*** Opening THE RECORDS ***

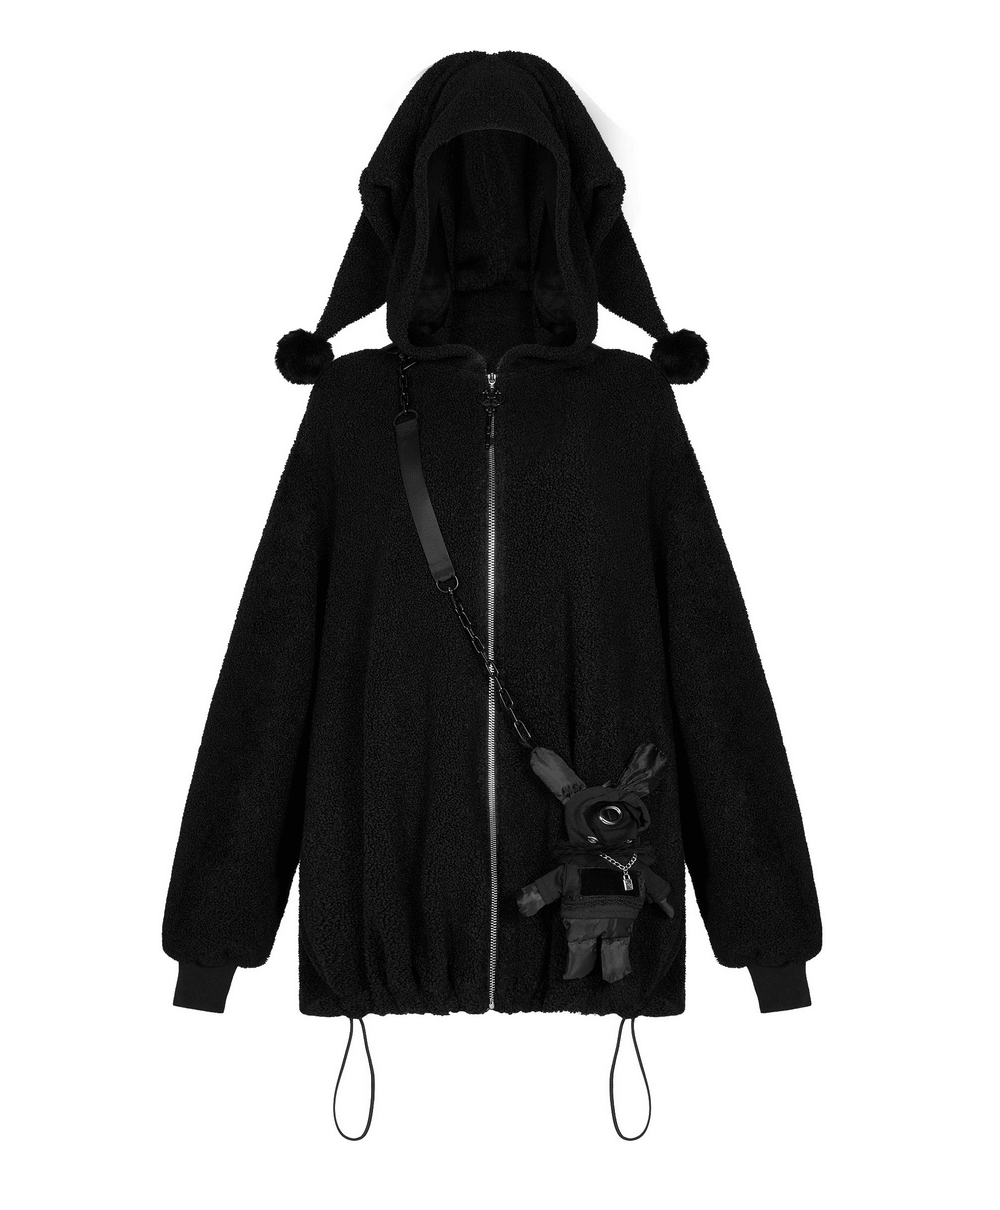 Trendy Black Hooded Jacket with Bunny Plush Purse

*** Closing THE RECORDS ***
*** Opening THE RECORDS ***

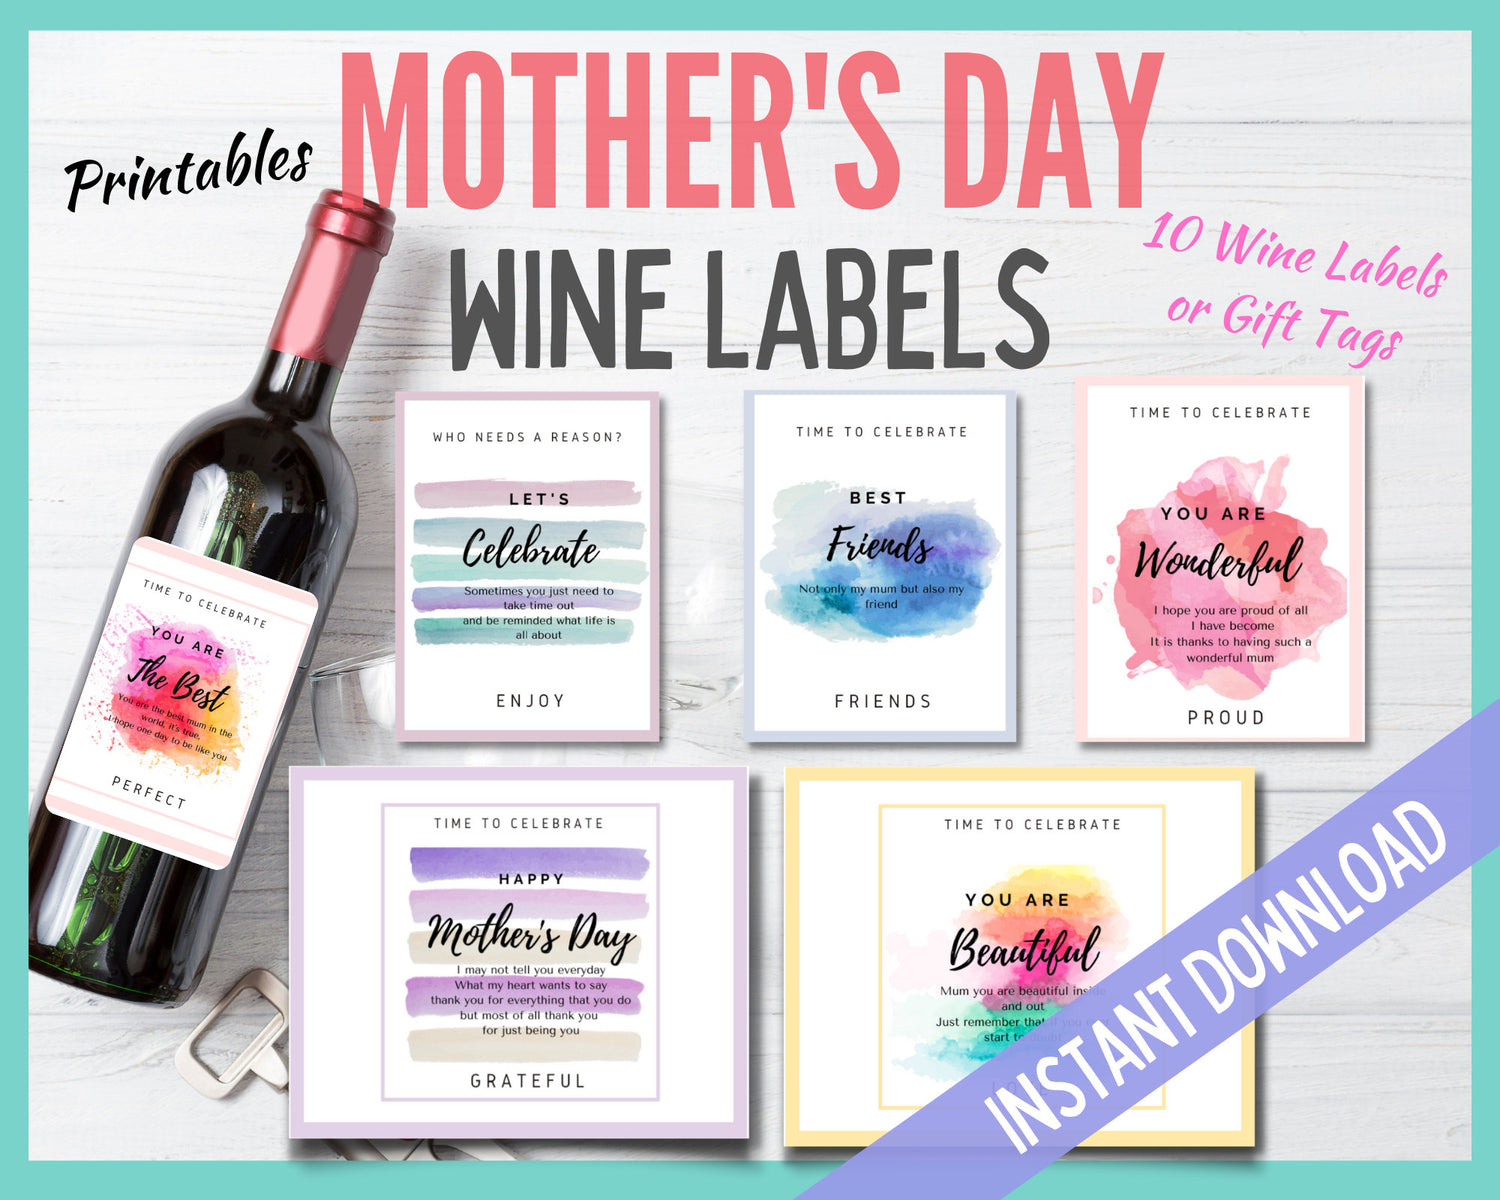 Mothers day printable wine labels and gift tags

*** Closing THE RECORDS ***
*** Opening THE RECORDS ***

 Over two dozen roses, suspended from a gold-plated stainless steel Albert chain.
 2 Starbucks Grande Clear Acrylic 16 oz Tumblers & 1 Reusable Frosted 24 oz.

*** Closing THE RECORDS ***

=== PROBLEM TO SOLVE ===
Copy only this part of the entries above: the line with "Over two dozen", the line with "2 Starbucks Grande", and the lines between, all exactly as written.

=== ANSWER SECTION ===
 Over two dozen roses, suspended from a gold-plated stainless steel Albert chain.
 2 Starbucks Grande Clear Acrylic 16 oz Tumblers & 1 Reusable Frosted 24 oz.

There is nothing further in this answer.